The groups contend, however, the overall representation of their identity is not fair. Janeshwari Devi, director of programs at the Vedic Foundation and who worked on the textbook issue, said the groups compared text explanations of Christianity, Judaism and Islam, which she said were respectfully portrayed. When they reviewed the Hindu sections, she said the texts were "completely racist."

"Our main concern is for the youth of California," she said.

The opposition readily concedes that the texts are less than perfect. But some groups, including traditionally marginalized Indians, feel the revisions are worse than the original text. Dhillai Kumeran, a San Jose parent, said he was "shocked" when he read the changes. "The way they put it was that they were going to remove stereotypes and have better representation. If they asked me I would have said 'great.' But what they are proposing is like writing U.S. history without the conquest of Native Americans... I have seen the (class) discrimination with my own eyes. It is something that is a fact, and still continuing today and is really a tragedy."
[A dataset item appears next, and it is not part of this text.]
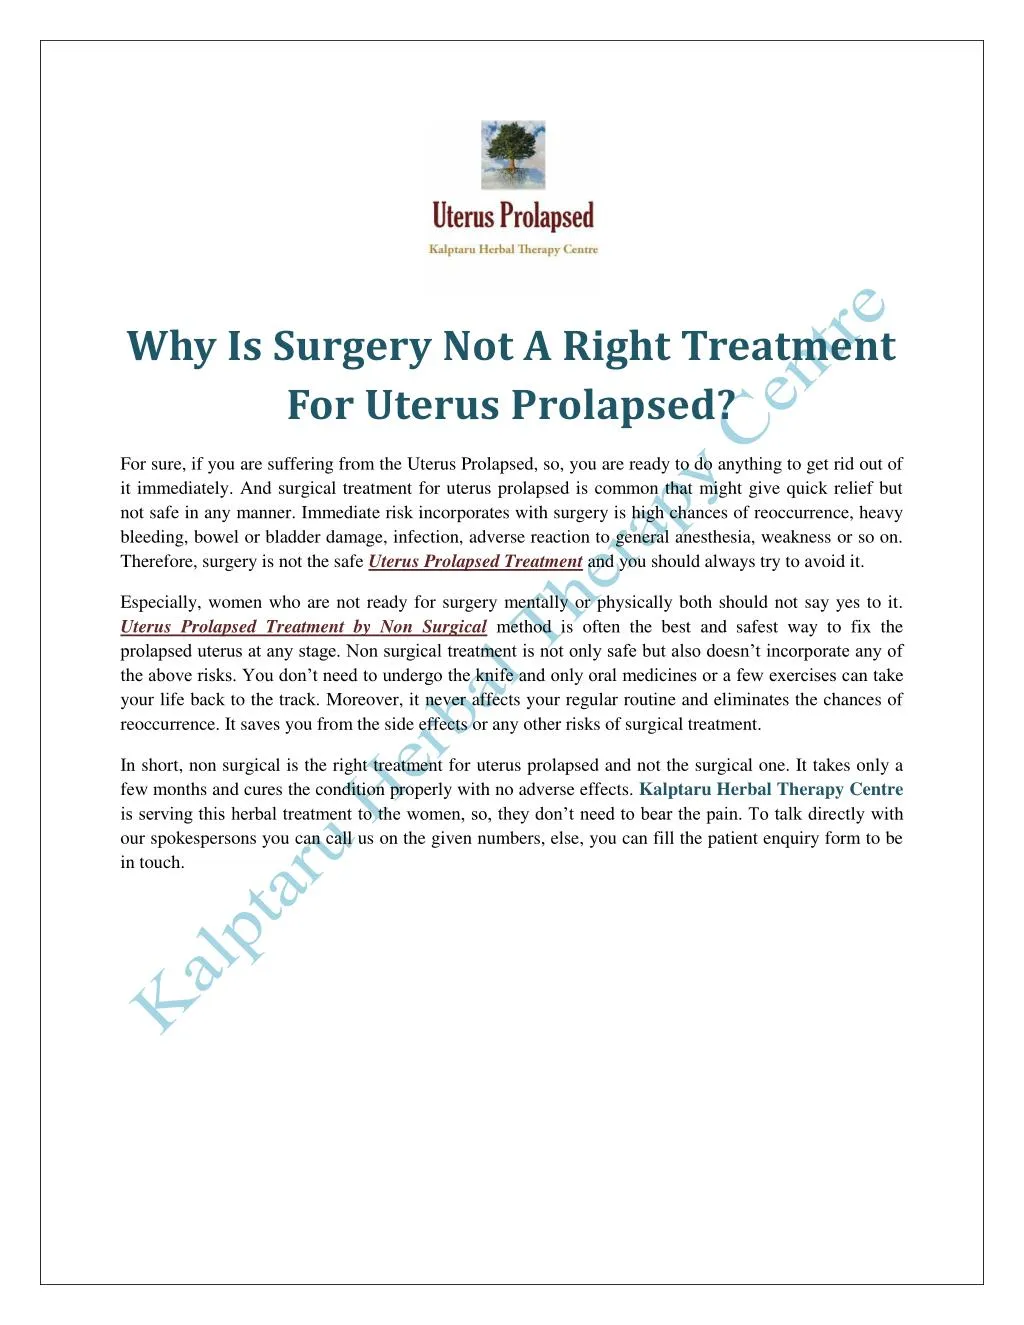 why is surgery not a right treatment for uterus
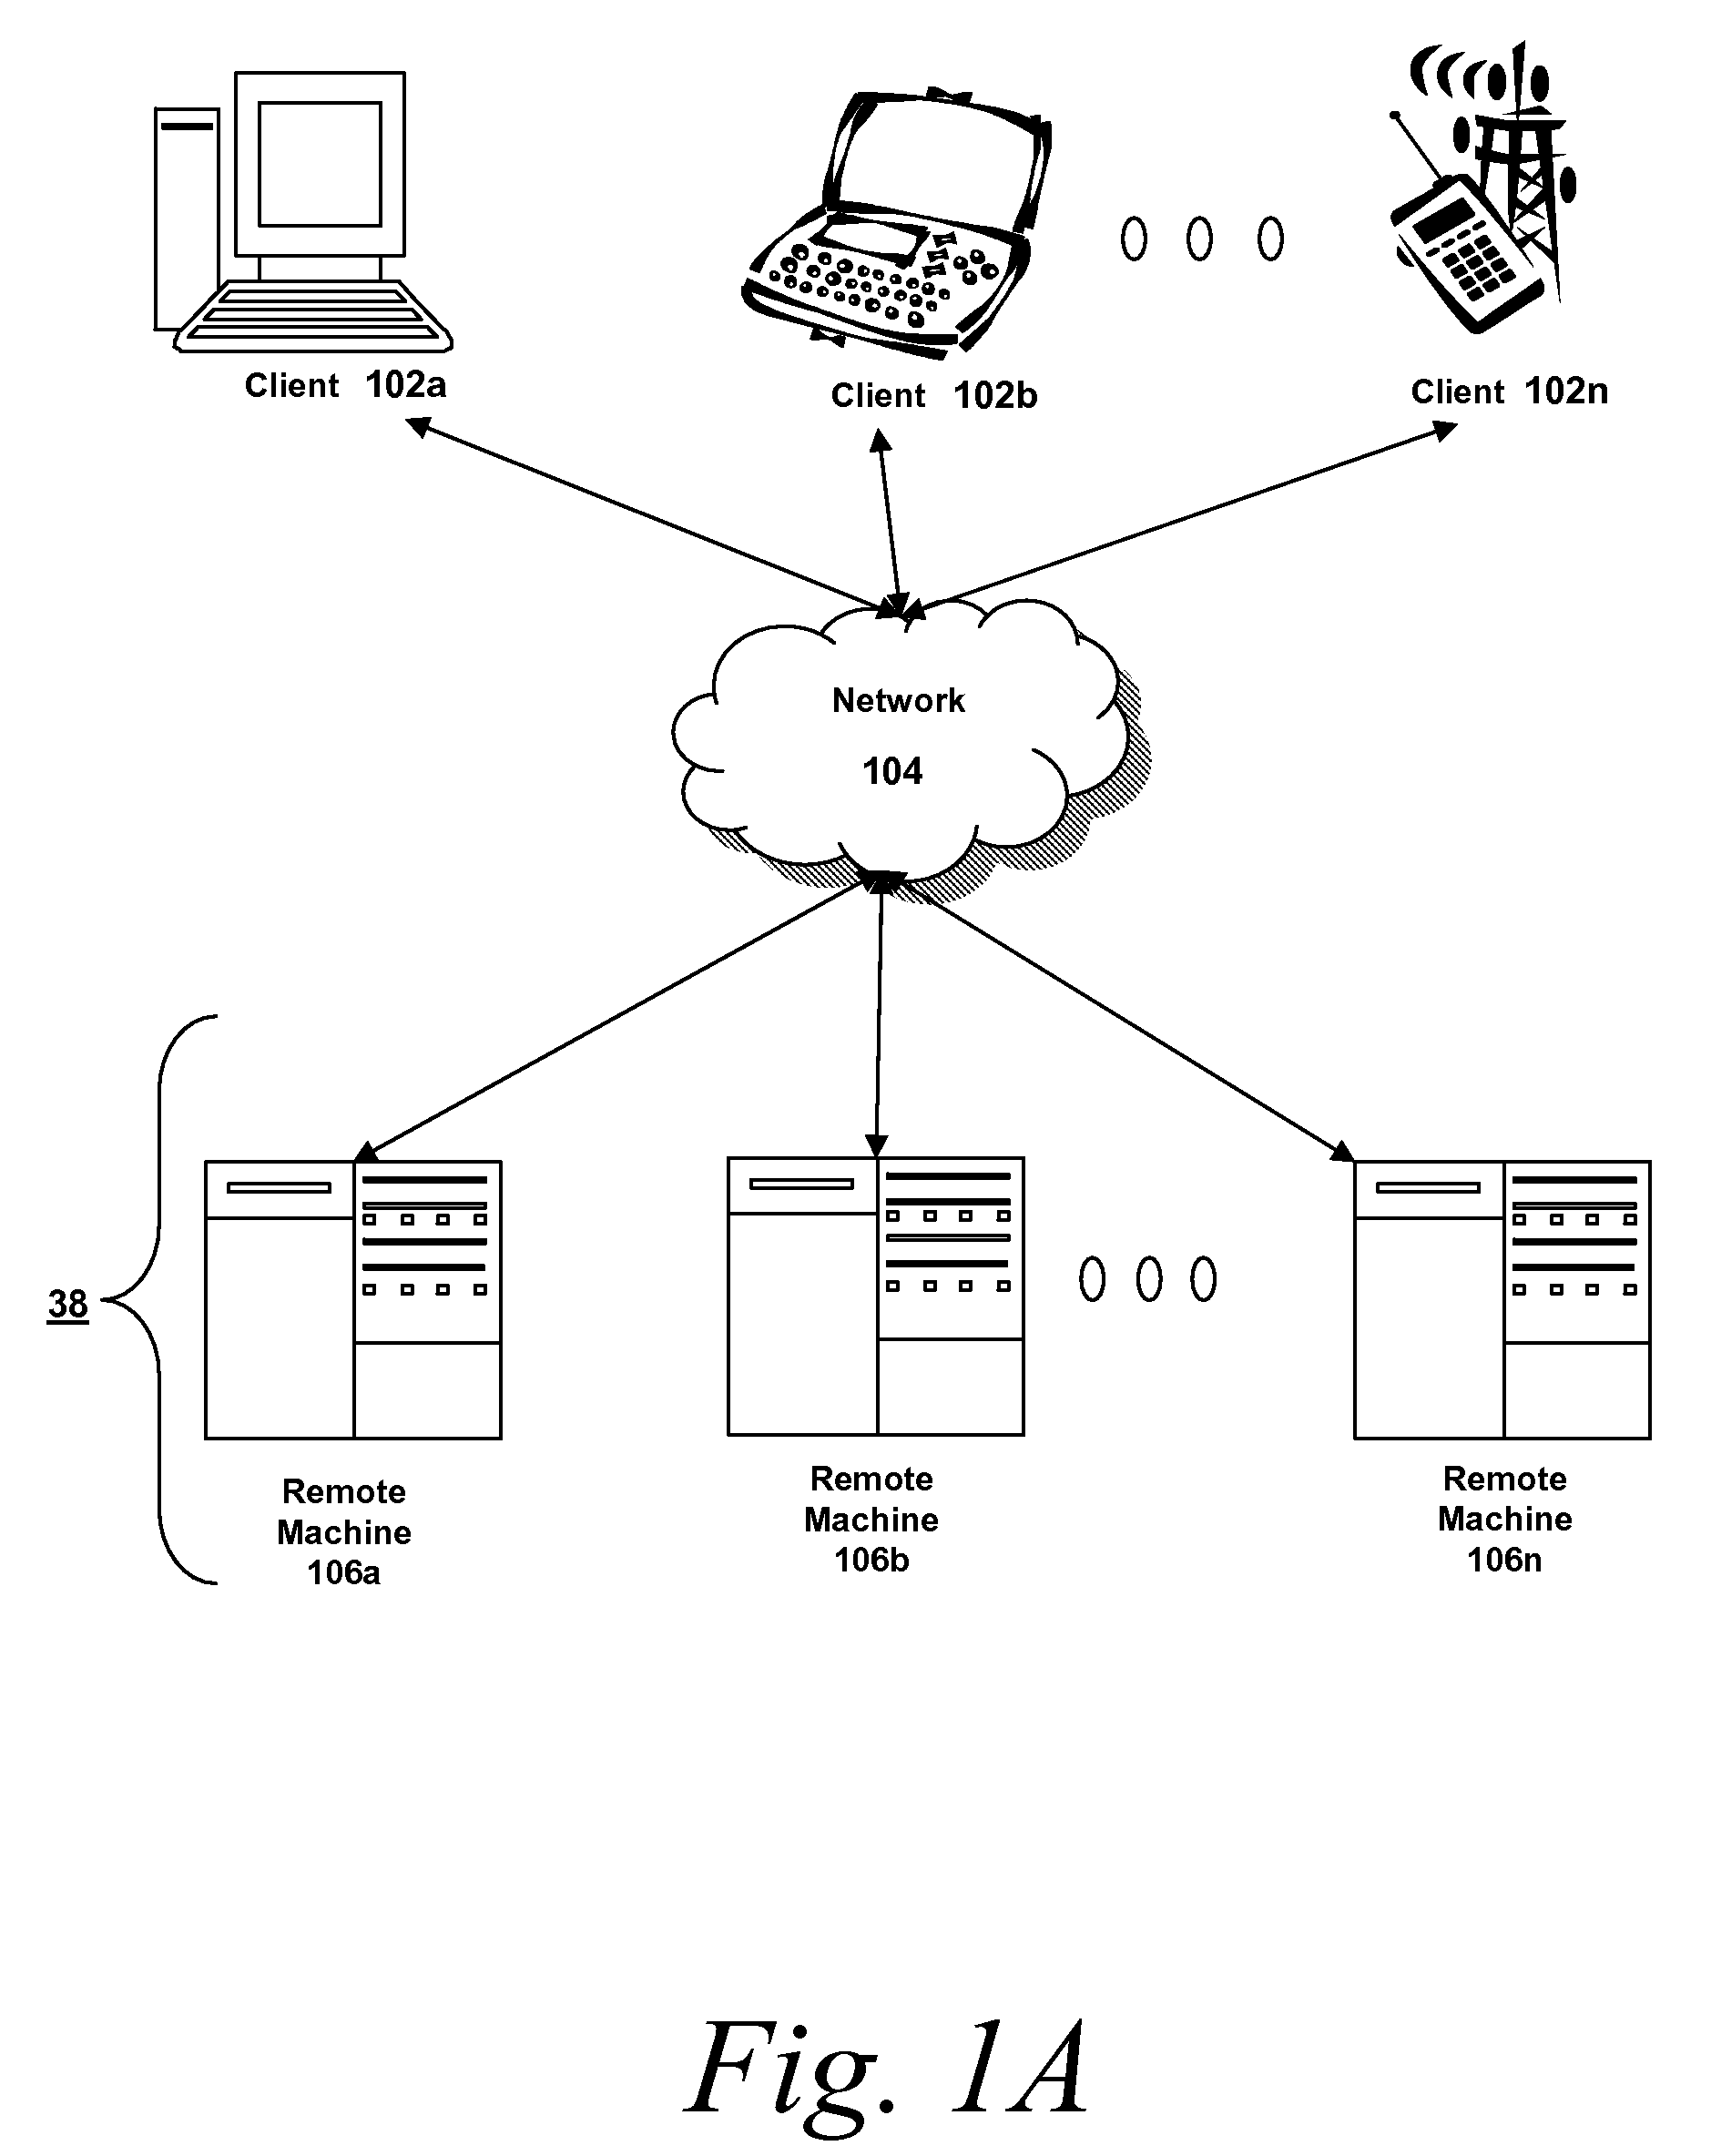 Method and System for Establishing a Dedicated Session for a Member of a Common Frame Buffer Group

Mandavilli agreed, "Not only don't (they) represent all Hindus, they don't represent us," she said, speaking of other Indian cultures represented in the area and what she considers moderate Indians. "They claim to be the marginalized. But in India they are the ones who are doing the marginalizing."

On Dec. 2, with Witzel's panel in place, the Curriculum Commission voted against most of the revisions it had previously accepted. But in light of the controversies, the board has now appointed a third committee to review the decision-making process.